Hey Pat, Good luck on your restoration project.  Can't wait to see the finished project.  I know that you will do a fantastic job, Then I can hop over the river for a closeup look. Keep us posted on the project.  Two friends of mine do the 50-70 restoration, so I know how much that those panels not rusted out mean in a restoration project. I've seen them have to order the replacement panels and weld them back in.  Major headache.


----------



## OsiaBoyce (Jan 13, 2008)

Time to get started. Got a Hot Rod buddy to get the chassis right. I'll be the body man. The Magic 8 Ball says "Lots of sanding in your future" any sanding tips? Warren? Got a FireBird for frnt and rear ends. How will that work? Again Waren? Forgo the Nova and Mustang. Open for suggestions. Thanks Pat


----------



## dollarbill (Jan 13, 2008)

Love those oldies .Would say lobeys right got get um cleaned and primered right away or there back to rust in a day .Sand blasting is a good fast way to clean them up to.Good luck Iam sure it turn out great.bill


----------



## tigue710 (Jan 13, 2008)

looks like you started by hand... thats gonna take a while!  Best I hear is sand blasting...  if you havnt used a grinder much it's real easy to give it a "whittled" look...


----------



## capsoda (Jan 14, 2008)

I don't think I would use a die grinder, especially if you want a really smooth finish.

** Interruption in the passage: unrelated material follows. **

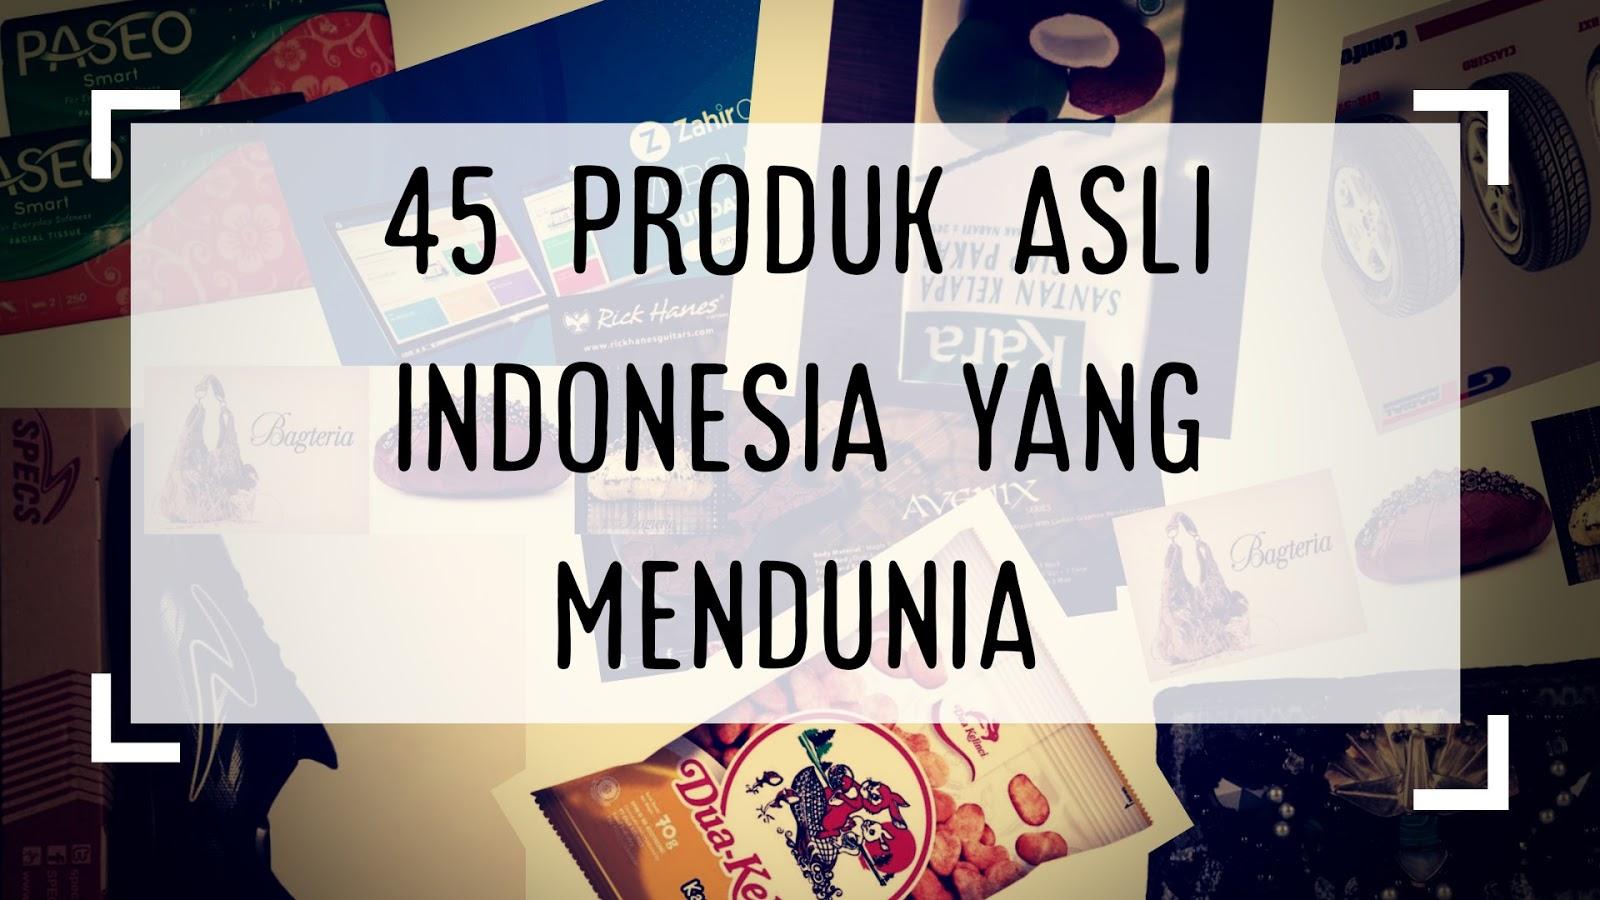 Produk asli indonesia yang mendunia

 You will need a jitter bug either electric or air will do. An orbital sander is always handy and plenty of block and tube sanders. Sometime I use pvc pipe in different lenghts and sizes for all the contours. Take as much of the rust off as you can with 80 or 100 grit and progress through 120, 220 and 320 for the final. Work as much metal as you can and use an epoxy primer sealer with good build up properties. Once primed use black spray bombs to lightly cover the surface and then on with the blocking with 320. Where ever the black paint shows after blocking is a low area. Apply another coat of primer and do it again and again and again until the surface is smooth. Alot of folks go for the skim coat of filler but I don't. You can use filler and scratch putty after you prime with epoxy primer so don't put filler on bare metal. A build up of ptimer instead of a scim coat of filler will last many years longer. Progress from 320 to 400 to 600 and finer still if you are going for the show quality finish. 

 Never heard of anyone using a FireBird front clip befor but if that is what you have go for it but make sure you get everything lined up good before you tack it. take lots of measurements from the FireBird and trans fer then to the frame you are using. Tack it good and then make plenty of measurements to make sure it is lined up good befor hard welding.

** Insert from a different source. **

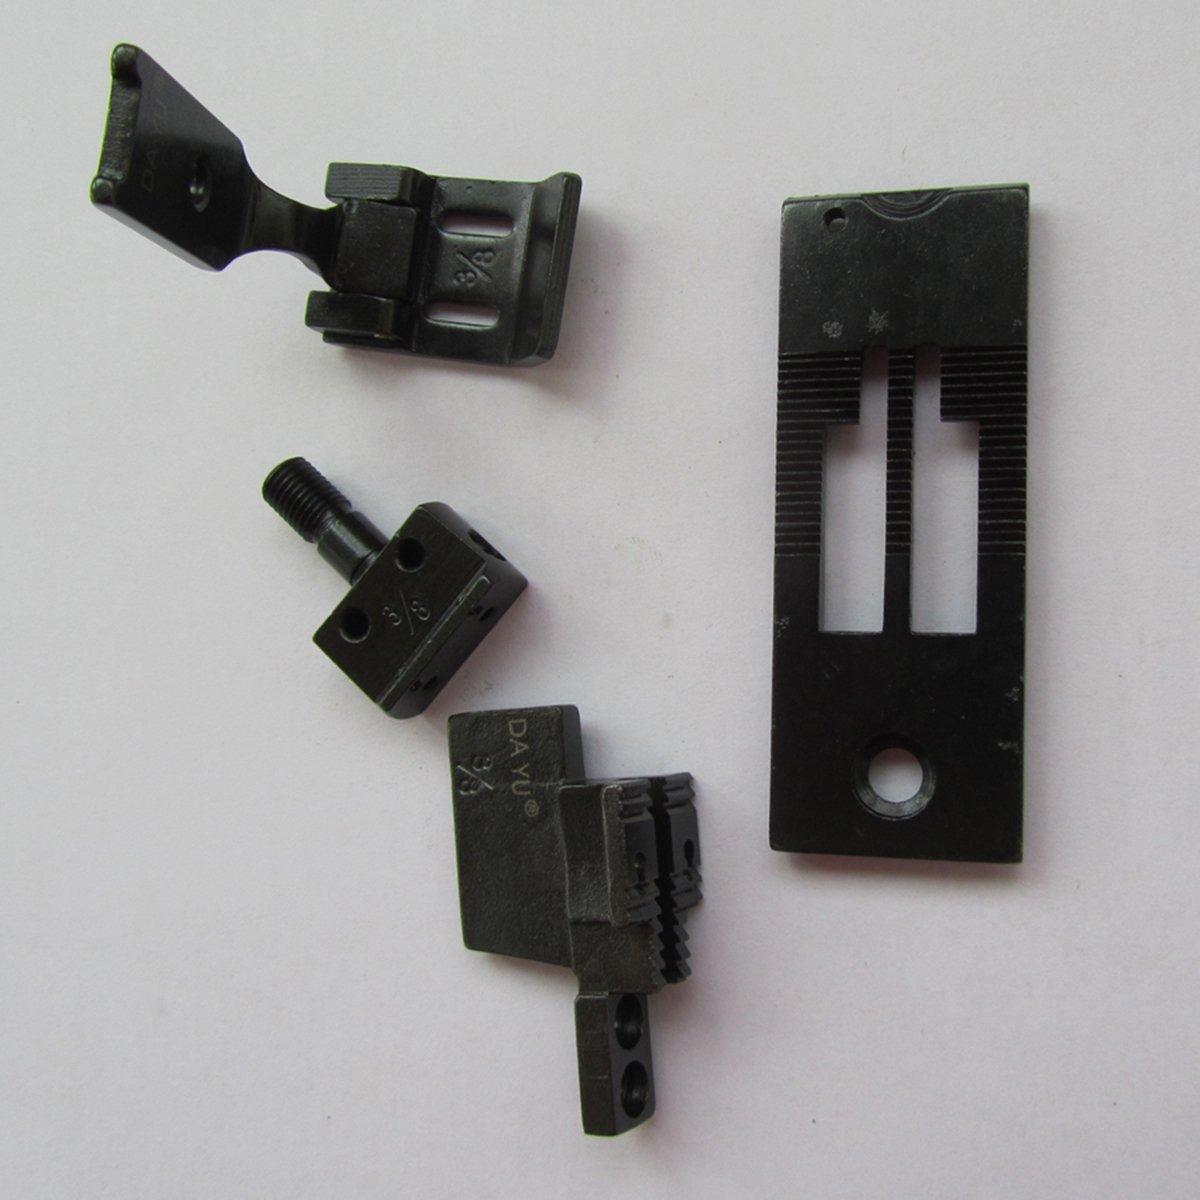 O-Ring 38 Hilti TE 6 // TE 6 A Pleuel Wellendichtring für Werkzeugaufnahme!

 If you are just using the suspension parts on the origanal frame you will need to buy a kit. Surf the net because there are kits for everything and you will certianly find what you want. Make measurements to make sure your frame is square before you do any welding and lf there are alot of rivets holding the main rails to the cross members or the X member weld thos buggers up after you make sure the frame is square. Measure twice, weld once.

 Might want to check out Eastwood Tools for some sanding blocks and supplies and welding extras as well as all kinds of paint supplys and Chevs of the 40s for sheet metal parts like floors and such. Alot of the body styles were alike and it is always easer to make a Chevy floor fit than it is to make a new one. If you are channeling the body it will be easy enough to make your own floor.

 That ought to get you started.


----------



## idigjars (Jan 14, 2008)

Hi Pat, share the after pics with us too.   Good luck with your project.   Paul


----------



## OsiaBoyce (Apr 18, 2008)

Been busy the past couple of months. I figured I needed sidemounts so I got the hearse. Then I wanted to add a rumble seat. Well after all that I figured I'd brick my house and pour me a drive. Mostly the fact I have nothing to do. So what 17 days late or what ya hear


----------